# Pregunta sobre un H-Bridge



## guillermo3r (Jul 15, 2010)

Hola a todos:
Estoy intentando manejar un par de motores DC de 5 v. con un puente H-bridge de tipo L293NE  y usando una placa Arduino según el esquema copiado y adaptado de http://itp.nyu.edu/physcomp/Labs/DCMotorControl y tengo el siguiente problema:



Si quiero invertir la rotación mediante un switch digital éste funciona pero la velocidad del motor en reverso es bajísima de forma que si toco con un dedo levemente el eje el motor prácticamente se para. En rotación directa el motor gira adecuadamente.



 Si hago el cambio de giro mediante programa (intercambiando los valores de los pines del  L293NE HIGH y LOW ) ocurre lo mismo.
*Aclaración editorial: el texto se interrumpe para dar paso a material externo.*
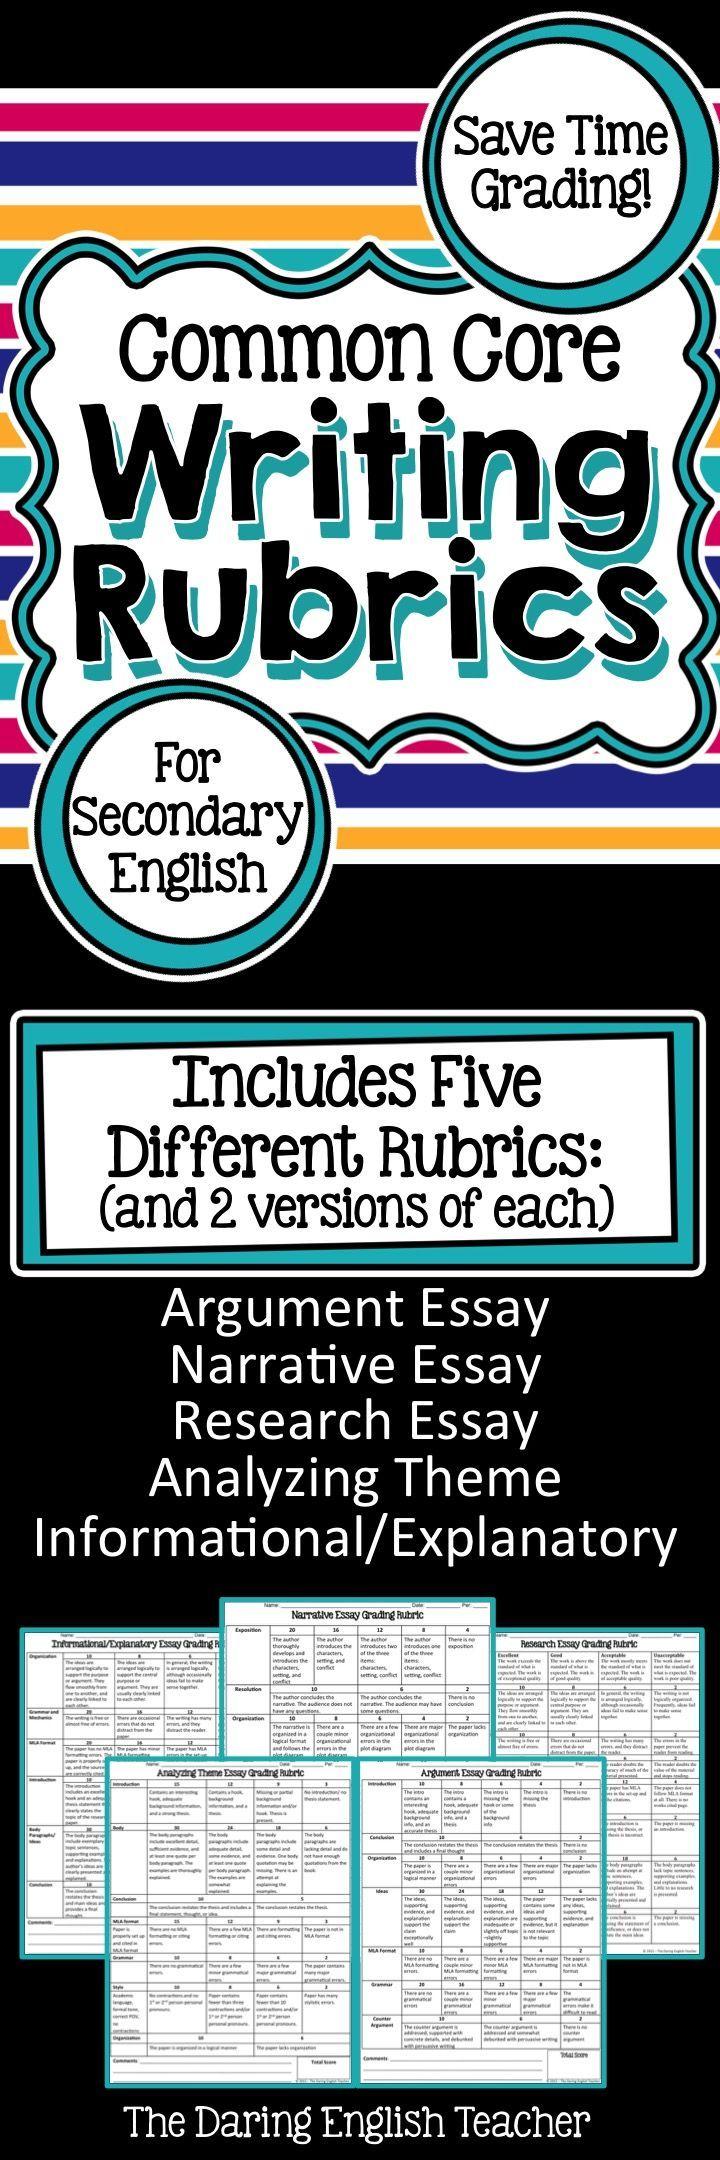 Personal Narrative Genre Six Traits of Writing Scoring Rubric Carpinteria  Rural Friedrich

Todo ello me hace pensar que el problema es inherente a como el puente L293NE maneja el voltaje en directa y en reversa y claro la pregunta del millón es si hay alguna forma de solucionarlo dentro de los voltajes de corriente que usa habitualmente la placa arduino.

Gracias y un saludo
Guillermo


----------



## Fogonazo (Jul 15, 2010)

Verifica que las señales de *control* de giro, que van al L293, sean las correctas para ambos sentidos de giro.
Verifica si el motor gira correctamente al alimentarlo en forma directa, sin el LM293 en ambos sentidos.


----------



## guillermo3r (Jul 15, 2010)

Sí ,el motor gira correctamente en ambos sentidos sin el L293 y las señales de control son correctas en tanto que invierten el sentido de giro del motor. Supongo que el voltaje suministrado por el L293 será correcto en directa y menor en reversa que es cuando el motor gira muy lentamente.Lo que no sé es por qué baja tanto


----------



## Ferny (Jul 15, 2010)

Pon un esquema de todas las conexiones


----------



## guillermo3r (Jul 15, 2010)

El esquema que he utilizado es exactamente el que indican en este enlace http://itp.nyu.edu/physcomp/Labs/DCMotorControl. El código cargado en el arduino es el que indican y la única anomalia en el funcionamiento es que cuando cambias el sentido de giro del motor con el switch éste se ejecuta muy lentamente y no sé a qué es debido. ¿El L293 no debería cambiar la polaridad sin afectar a la velocidad del motor ?.


----------



## Fogonazo (Jul 15, 2010)

guillermo3r dijo:


> Sí ,el motor gira correctamente en ambos sentidos sin el L293 y las señales de control son correctas en tanto que invierten el sentido de giro del motor. Supongo que el voltaje suministrado por el L293 será correcto en directa y menor en reversa que es cuando el motor gira muy lentamente.Lo que no sé es por qué baja tanto


Al girar lentamente el motor, ¿ El integrado se calienta ?


----------



## guillermo3r (Jul 16, 2010)

Lo comprobé y no`parece calentarse demasiado


----------



## guillermo3r (Jul 20, 2010)

Bueno pues creo que ya dí con la solución.Encargué cuatro H-Bridge del tipo 
 SN754410NE que es similar al L293NE y dos de ellos funcionaban perfectamente invirtiendo el giro de los motores con la misma velocidad de giro en directa y en reversa. Pero Oh sorpresa los otros dos integrados nuevitos no funcionaban en absoluto por lo que deduzco que el L293NE funcionaba a medias.
Y ahora una nueva pregunta a los que teneís más experiencia por estos foros. ¿Es normal que de cuatro integrados sólo funcionen bien dos?:enfadado:.¿Son los IC como los melones que salen buenos unos y otros no o es que he tenido mala suerte?.:enfadado:¿No pasan controles de calidad ?. ¿Es todo así en cuanto  componentes electrónicos.?.
Bueno pues muchas gracias a los que os habeís interesado por mis tribulaciones.
Guille


----------



## Ferny (Jul 20, 2010)

No lo creo. Seguramente estarás al límite en algún parámetro del componente y con la tolerancia que éstos tienen en unos casos funciona y en otro no, pero dudo que tengas la mitad de componentes defectuosos, al menos en los años que llevo con la electrónica mi experiencia es que es muy muy difícil encontrarte con un solo componente malo de fábrica.


----------



## Fogonazo (Jul 20, 2010)

Podrías estar ante un caso de un componente falsificado o de 3ª selección, en ciertas condiciones funcionan y otras NO


----------